◆ Problem requirements ◆
Please reproduce the data exactly and omit the pictures.
*** Data provided Section Begins ***
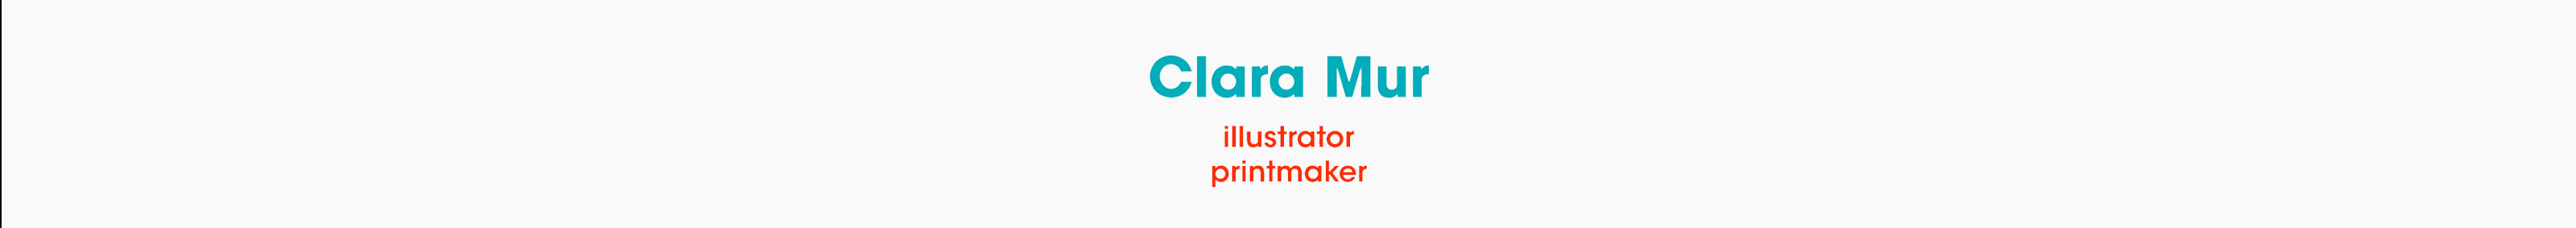 Clara Mur's profile banner
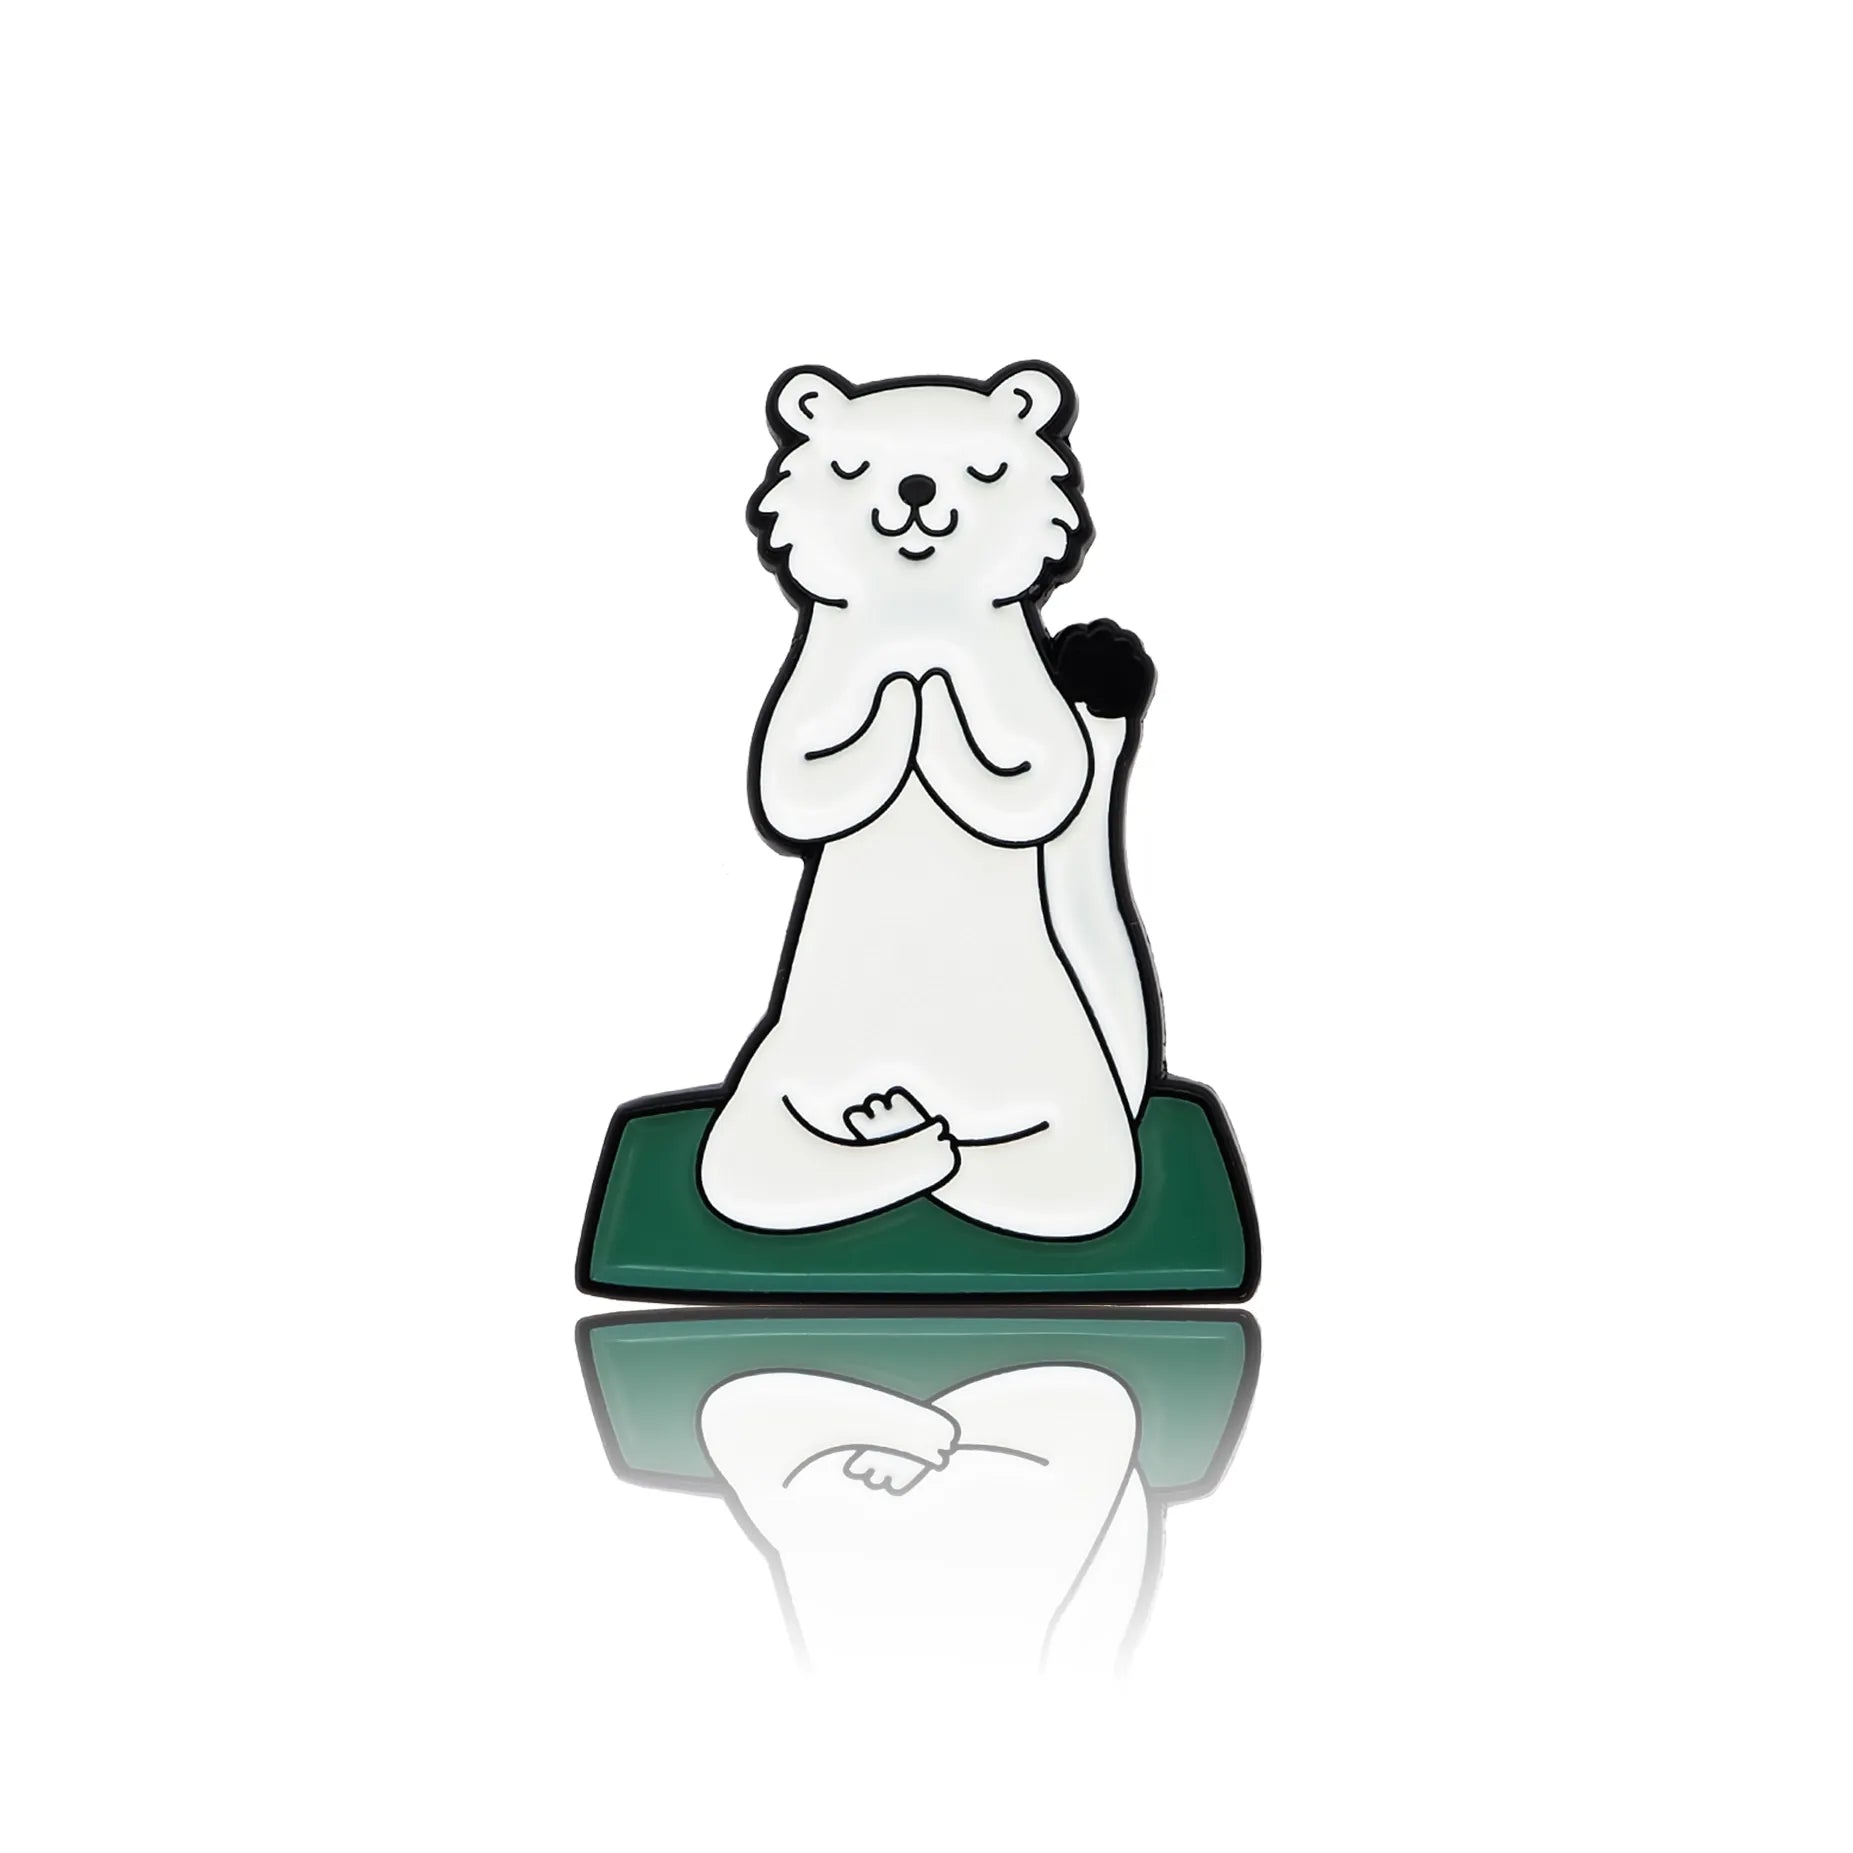 Biała fretka ćwicząca jogę na zielonej macie
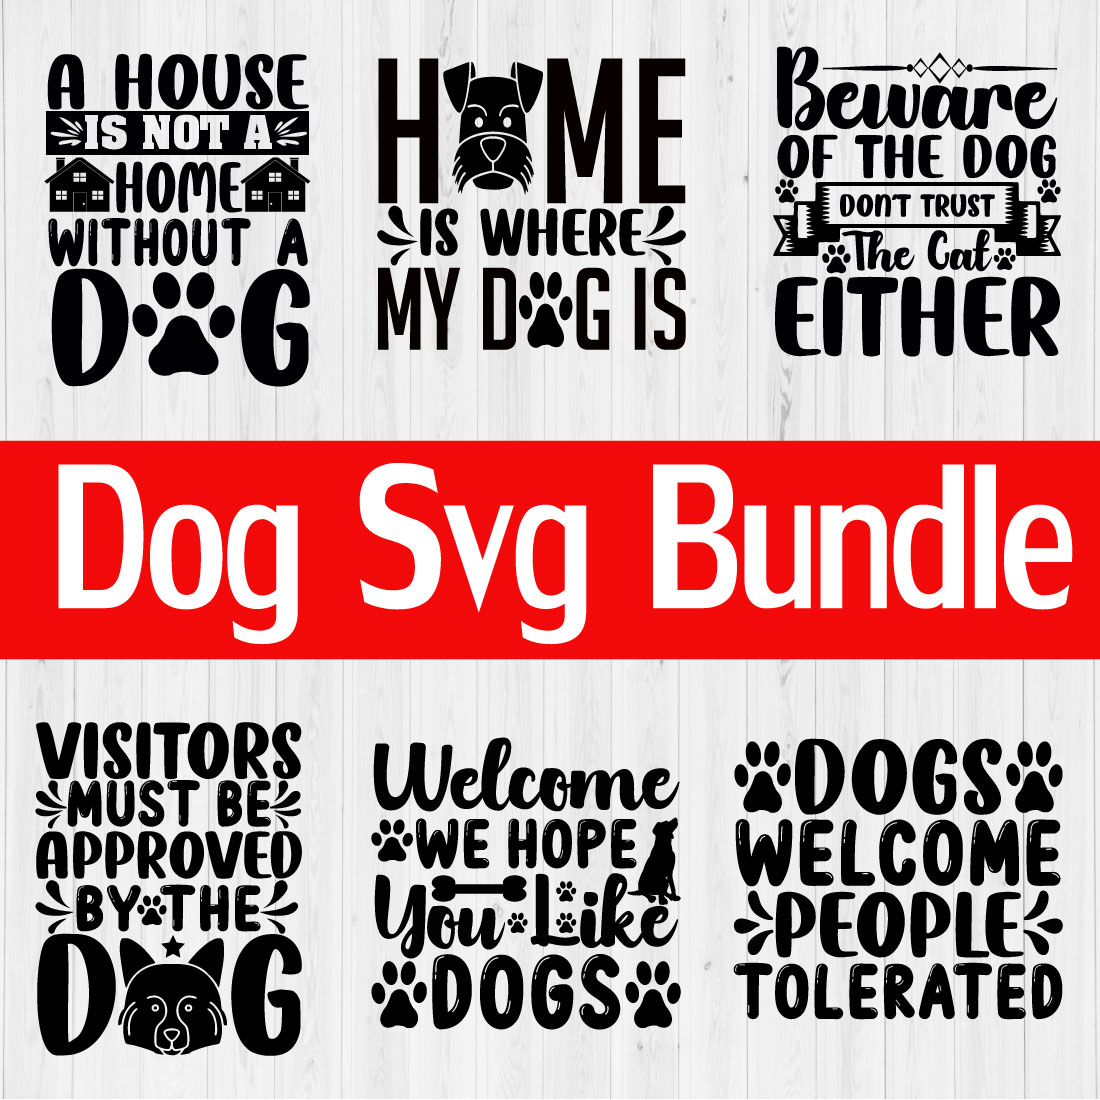 Dog Design Bundle Vol23 cover image.
*** Data provided Section Ends ***
◆ Answer box ◆
 Clara Mur's profile banner
 Biała fretka ćwicząca jogę na zielonej macie
 Dog Design Bundle Vol23 cover image.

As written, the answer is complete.